May I suggest it might be really useful to appoint/hire a quality control manager. If it needs to be a volunteer, well as dedicated and outstanding as a volunteer may be, it will never be their top priority. However, if it needs to be a volunteer, I submit that will be better than the current situation. That person can look at incoming data (use AI here to assist if you have to) and proactively contact observers when things seem to be “going south” or not up to the standard that professionals may need to use the data. That person can assign a mentor if need be.
I realize that as observing gets more and more automated, the avalanche of data arriving to our servers gets larger every day/month. That’s why I suggested AI examination of the incoming data. Let’s not make perfection the enemy of the good. Apply the 80/20 principle and go after the 20 percent who submit 80 percent of the mediocre data. Proactively encourage best practices without them having to search for it. Show them how to transform PERSONALLY. Don’t just point them to resources that they may or, in the case of beginners, probably don’t understand.
Okay, I’ve ranted enough. I have more thoughts but this is long enough.
Thanks again for your quick reply Walt.
Cloudy her tonight so I can CAREFULLY reduce my data. ![]()
…Tim (HTY)
Sorry to hear it is cloudy. Here too. The AAVSO is doing some hiring this year. An educator and a volunteer coordinator have been the priorities for those positions. Both areas of need. The educator role will include updating and improving training materials and opportunities. One of the ideas is more short, on-demand types of training videos/modules since written manuals can be daunting and not necessarily the best format for a lot of people to learn. The volunteer coordinator will help improve coordination of the huge number of volunteers that help in lots of roles.

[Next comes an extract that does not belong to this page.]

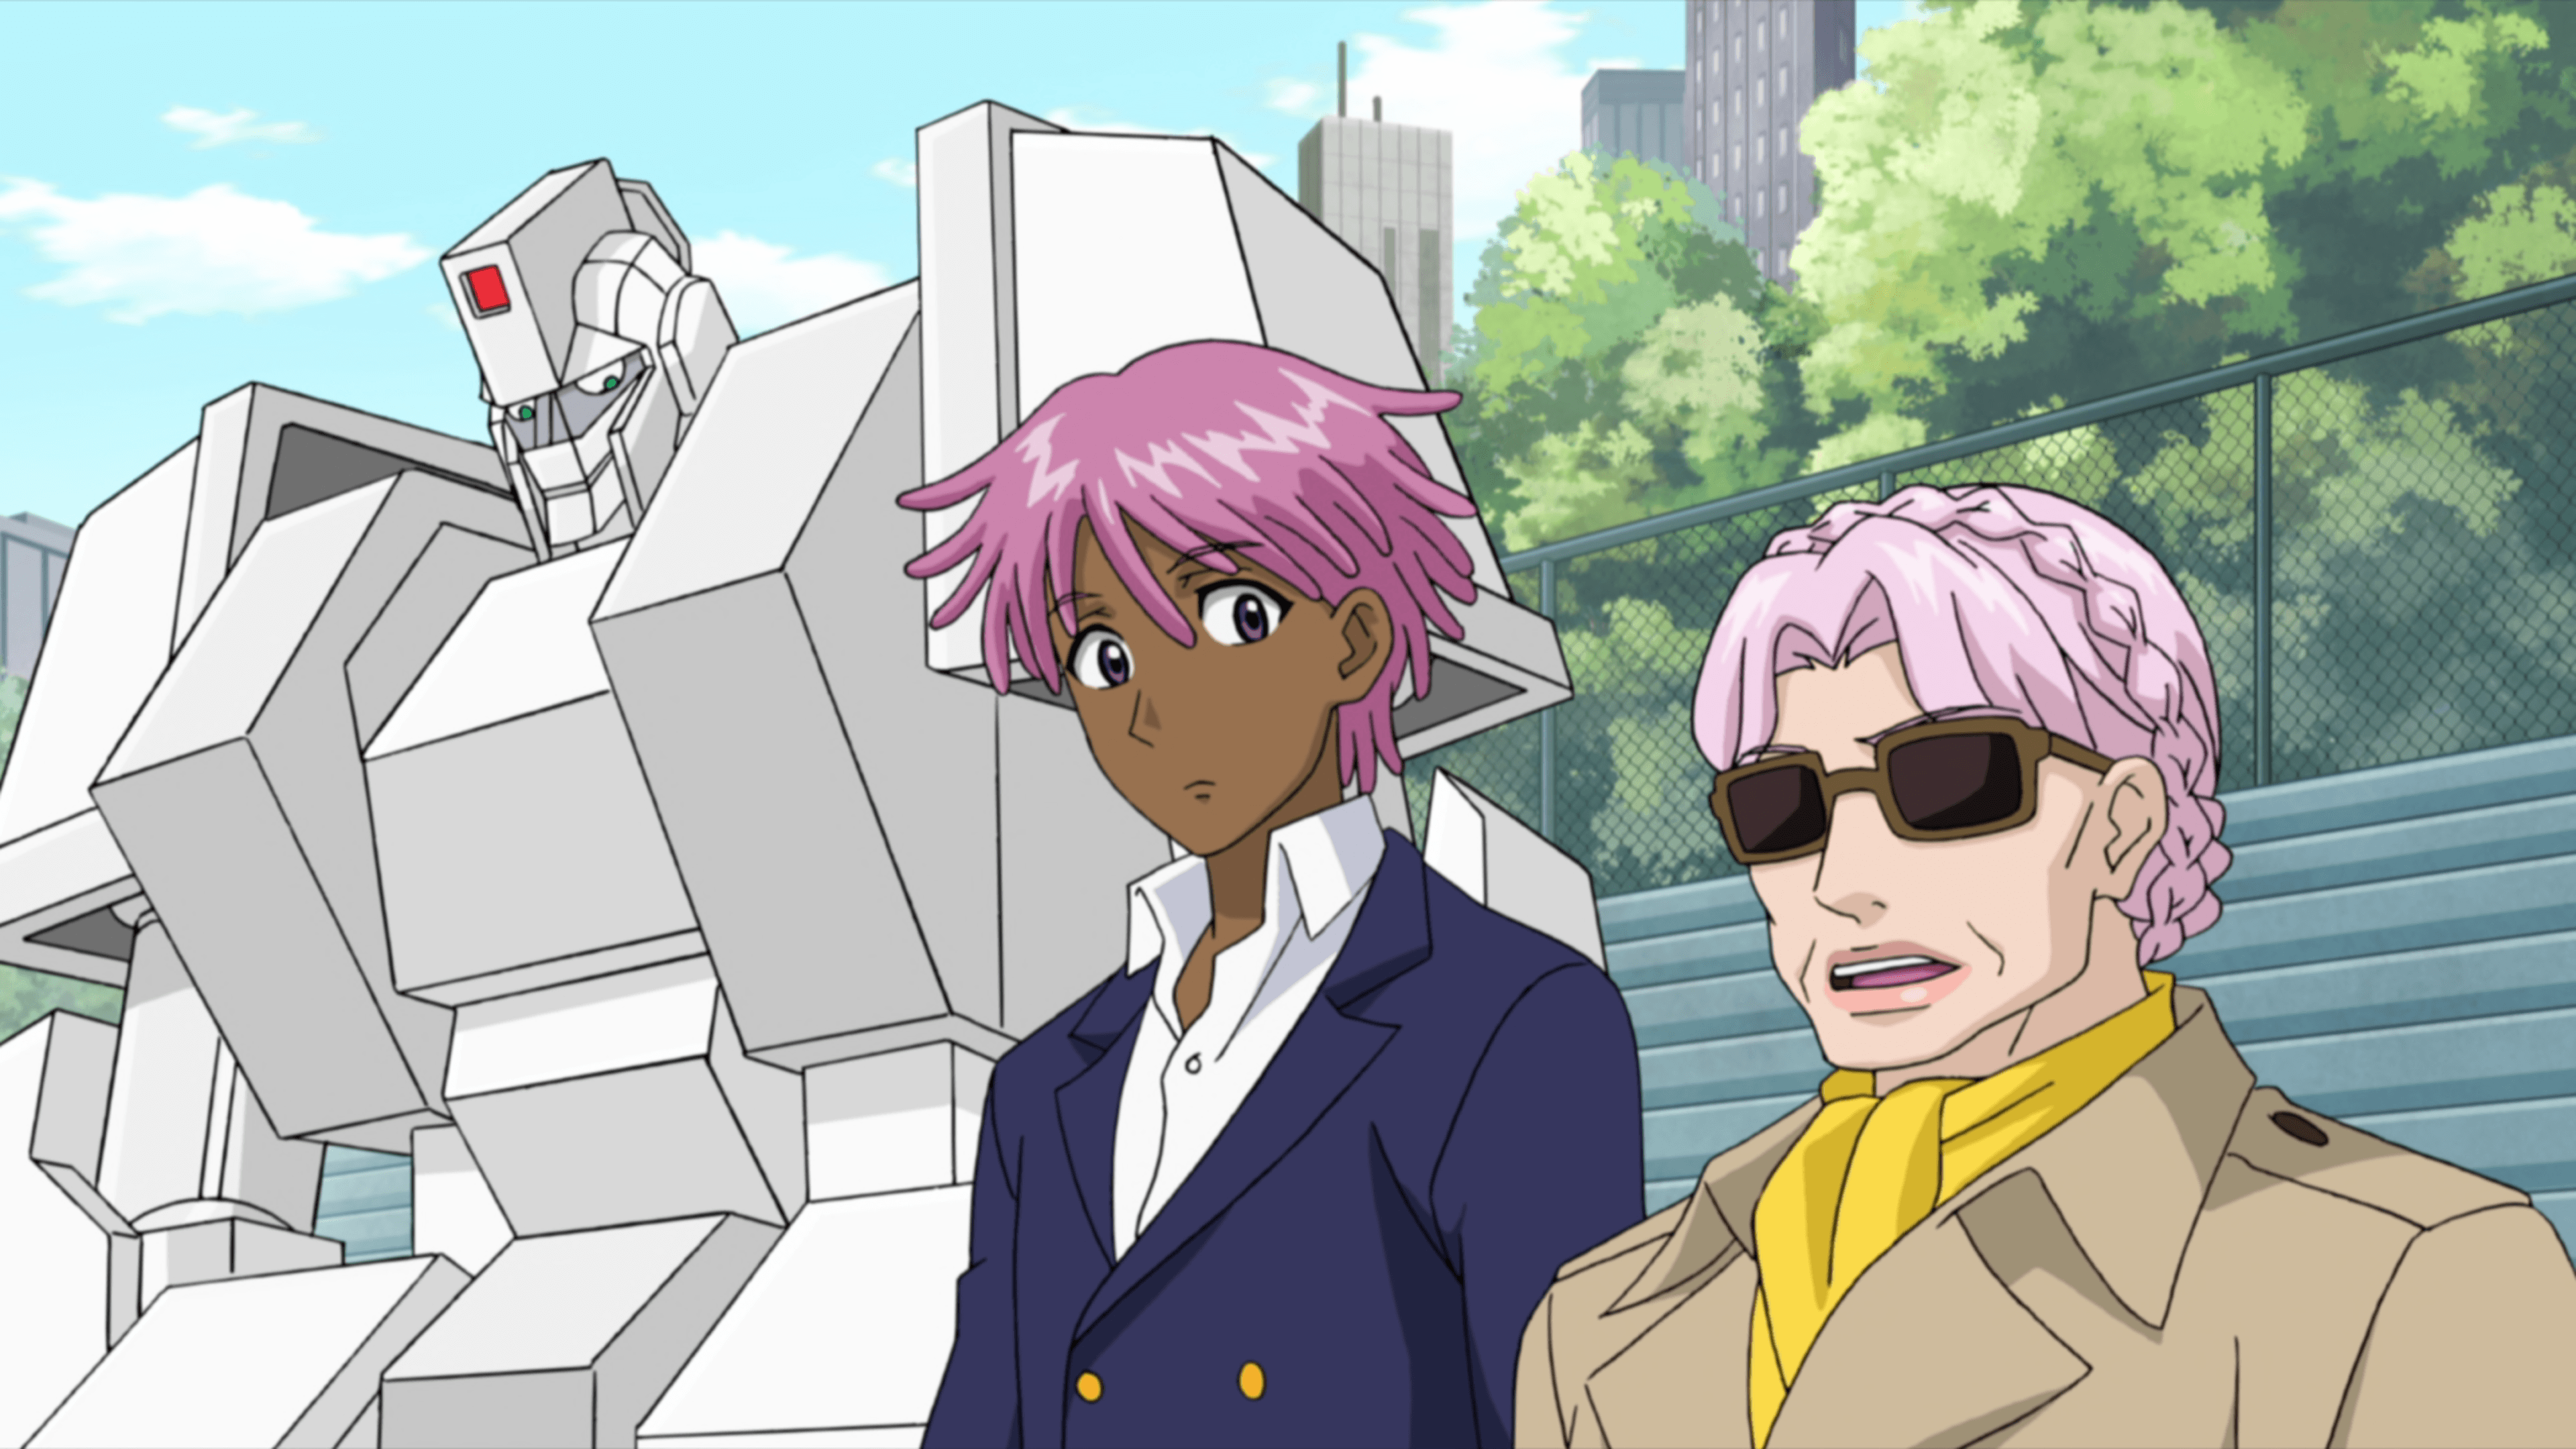 NETFLIX'S 'NEO YOKIO' FAILS TO DELIVER ON ITS PROMISE

The Data Quality Task Force spent a lot of time looking at automated ways to identify bad data. That turned out to be a very difficult thing to figure out. The most straightforward ways don’t work very well in many cases unfortunately. Variable stars do too many things in too many different ways for simple statistical methods to be very robust. If the systems aren’t very robust, it means people get notifications of problems with their data that aren’t problems with their data and that’s not a good thing either.
The Data Quality Task Force’s work was pre-AI boom. Maybe that changes things. I’m not sure. I’m still afraid of sending emails to people saying we think their data is bad if it’s really the AI algorithm that’s bad. If AI is right 80% of the time, that’s still a lot of emails telling people the wrong thing.
Your point about personal contact with people to help them learn and develop their skills is dead on. The more people helping with that the better. We all had to learn and we all have made mistakes in the process. I think organizing and expanding that effort is something the new volunteer coordinator and educator will really be able to help with.
-Walt
Would anyone consider volunteering for a quality control role? That would be a great help for the AAVSO and for observers, especially new ones. My email is wcooney@aavso.org if you want to discuss it some.
-Walt
I notice that my remark is causing quite a stir. It wasn’t actually about the new observers, but when I look at light curves online, I sometimes see a lot of points in a curve with a great deal of spread, and these were logged by experienced photometric observers. Sometimes it is only a small part of a curve, which makes one realize that this serves no other purpose than to inflate the number of observations so that people can say that you, as an observer, have made many observations. But unfortunately, the quality of those observations is very poor.